Schon von Anfang an hatte ich mit meiner Vermutung Recht behalten, dass Reyu niemand war, der unsere Beziehung an die große Glocke hängen würde. Er bemühte sich auch nicht gerade, sie geheim zu halten, doch vor allem, wenn wir in der Stadt unterwegs waren, merkte ich, dass er etwas vorsichtiger war. Den Grund dafür konnte ich mir auch denken, ohne dass wir darüber sprachen. Seine Rebellengruppe wäre sicherlich nicht begeistert davon, wenn sie wüsste, dass er mit einer Caraliv zusammen war.
Ich hatte nicht unbedingt etwas dagegen. Es würde ohnehin nicht zu Reyu passen, wenn er jetzt jedem voller Stolz von seiner neuen Freundin erzählen würde. Stattdessen zeigte er seine Zuneigung mit kleinen, unauffälligen Dingen. Dieses Grinsen gerade eben. Die scheinbar unabsichtlichen Berührungen, wenn wir aneinander vorbeiliefen, die jedes Mal ein klein wenig zu lange dauerten, um wirklich ausversehen zu sein.

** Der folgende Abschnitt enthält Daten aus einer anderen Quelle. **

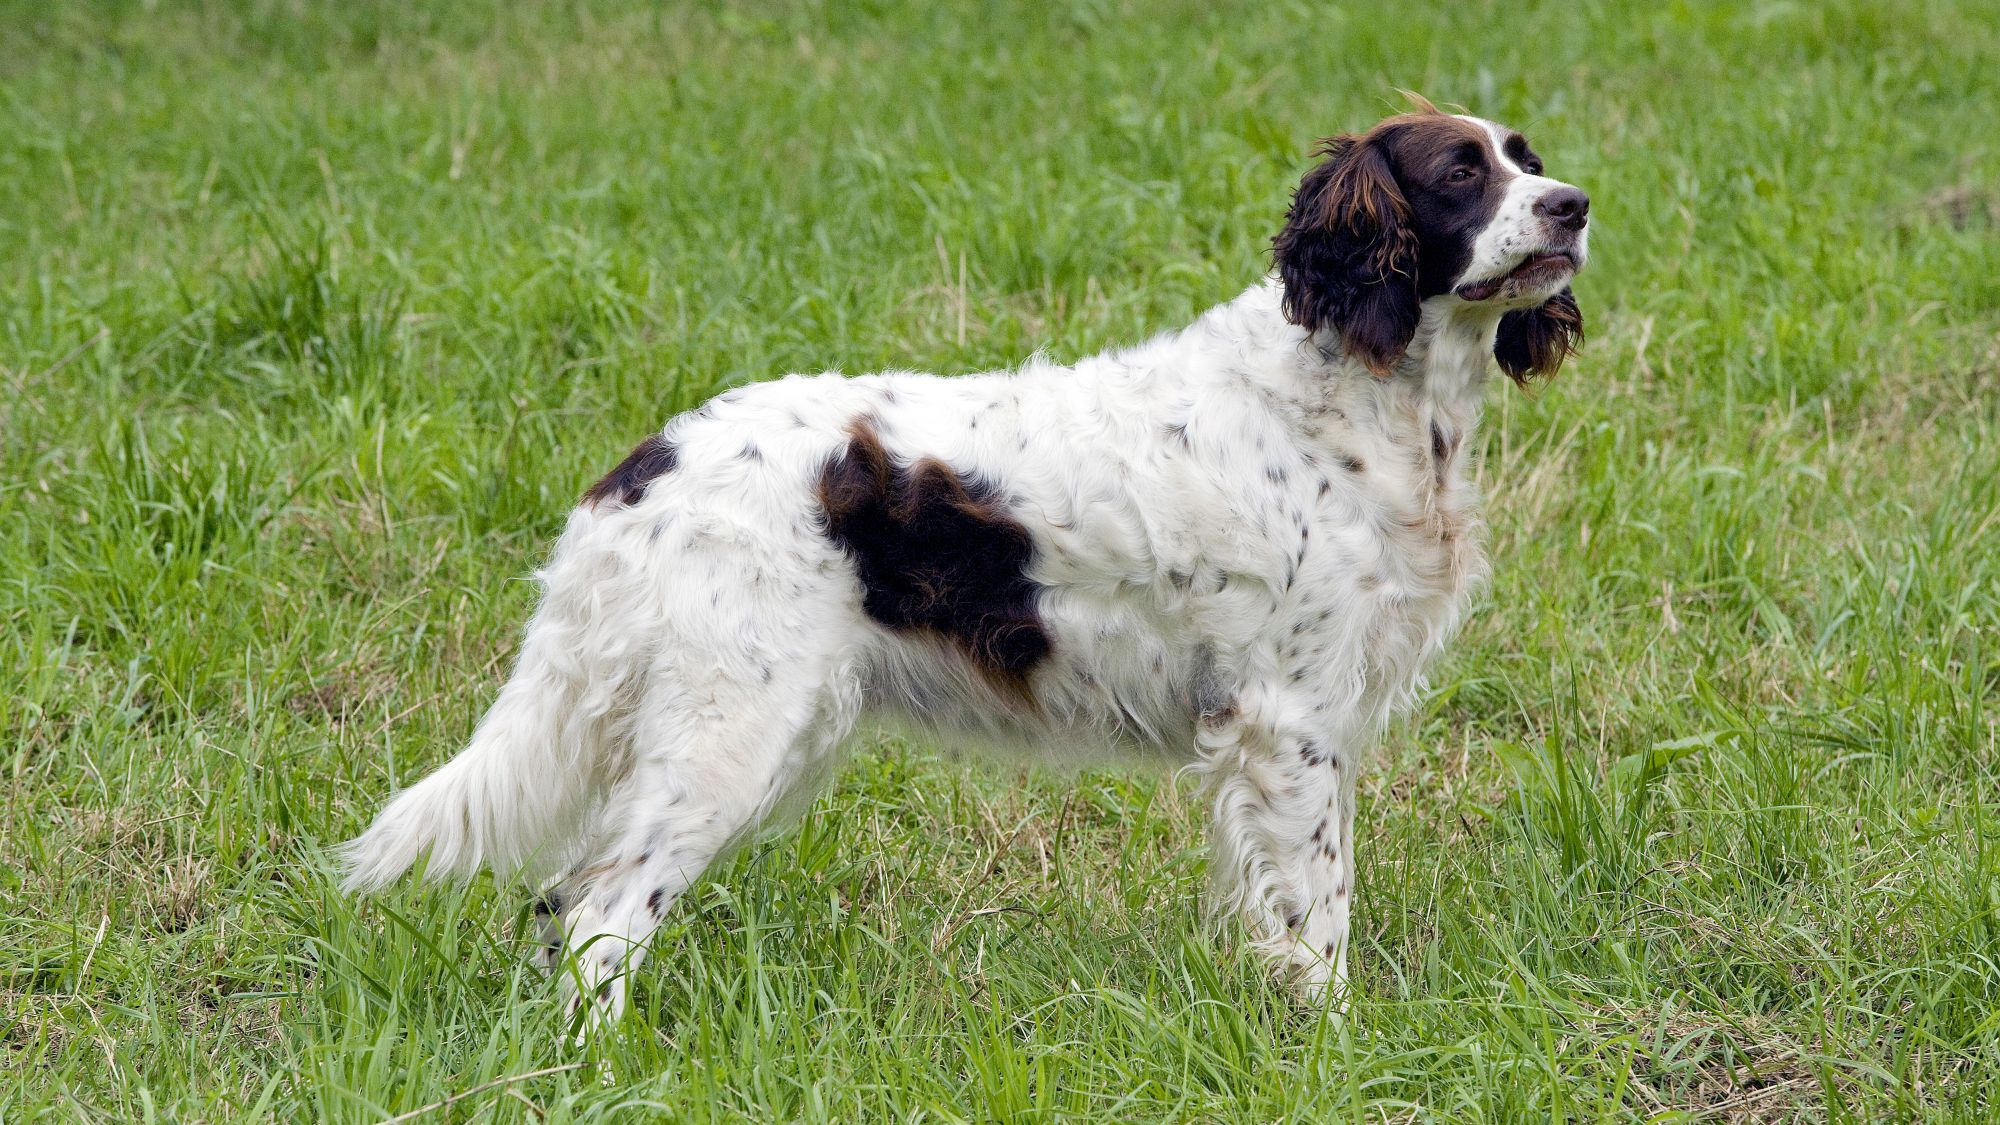 Black and white French Spaniel stood alert in grass

Die flüchtigen Küsse in einem unbeobachteten Moment, die mich jedes Mal freuten.
Mit einem Gähnen warf ich einen Blick zu den Fenstern, die nun im Winter fest verschlossen waren und nicht mehr für die Bequemlichkeit der Lazaliv weit offen standen. Die nächste Schicht sollte bald kommen und ich konnte kaum mehr erwarten, nach Hause zurückzukehren und endlich nicht mehr stehen zu müssen. Ich hatte heute kaum einen Moment Zeit gehabt, um mich hinzusetzen und durchzuatmen, sodass meine Füße nun von mehreren Stunden stehen und laufen schmerzten.
Als hätte ich sie damit gerufen, kamen einige Sekunden später Jefor und Neciel durch die Türen, durch die mit ihnen ein eisiger Luftstoß und einige Schneeflocken kamen, gemeinsam mit dem noch lauteren Heulen des Windes, den man auch hier im Gebäude deutlich vernehmen konnte. Mit einem Handzeichen sprachen wir uns ab und Reyu und ich gingen gemeinsam zu den beiden Soldaten, die noch immer hier waren, um die Diebstähle zu verhindern. Seitdem das Hospital rund um die Uhr Unterstützung hatte, war bis auf einige Kleinigkeiten nichts mehr entwendet worden, und diese konnte man sich auch als Ungenauigkeiten im Protokoll einreden.
Wir meldeten uns ab und die Brüder an und holten dann unsere Umhänge aus dem Mitarbeiterraum. Schon heute Morgen war der Wind zu stark gewesen, als dass Reyu hätte fliegen können, sodass wir den Weg zum Hospital zu Fuß und immer nahe an den Hauswänden zurückgelegt hatten.
Meine Befürchtung bewahrheitete sich und wir mussten wieder laufen. Meine Finger wurden taub, trotz des dicken Winterumhangs, und meine Zehen waren so kalt, dass sie schmerzten, als ich schließlich nach einer gefühlten Ewigkeit in die Wohnung kam und sie langsam auftauen konnte.
“Diese Kälte ist nicht gut für meine Schulter”, stellte ich fest, während wir uns den Schnee von den Schultern klopften und die Umhänge über den Kamin hängten, in dem Reyu nun das schon vorbereitete Feuer entzündete. Vorsichtig bewegte ich meinen Arm nach oben und verzog das Gesicht, als ich merkte, wie steif das Gelenk war.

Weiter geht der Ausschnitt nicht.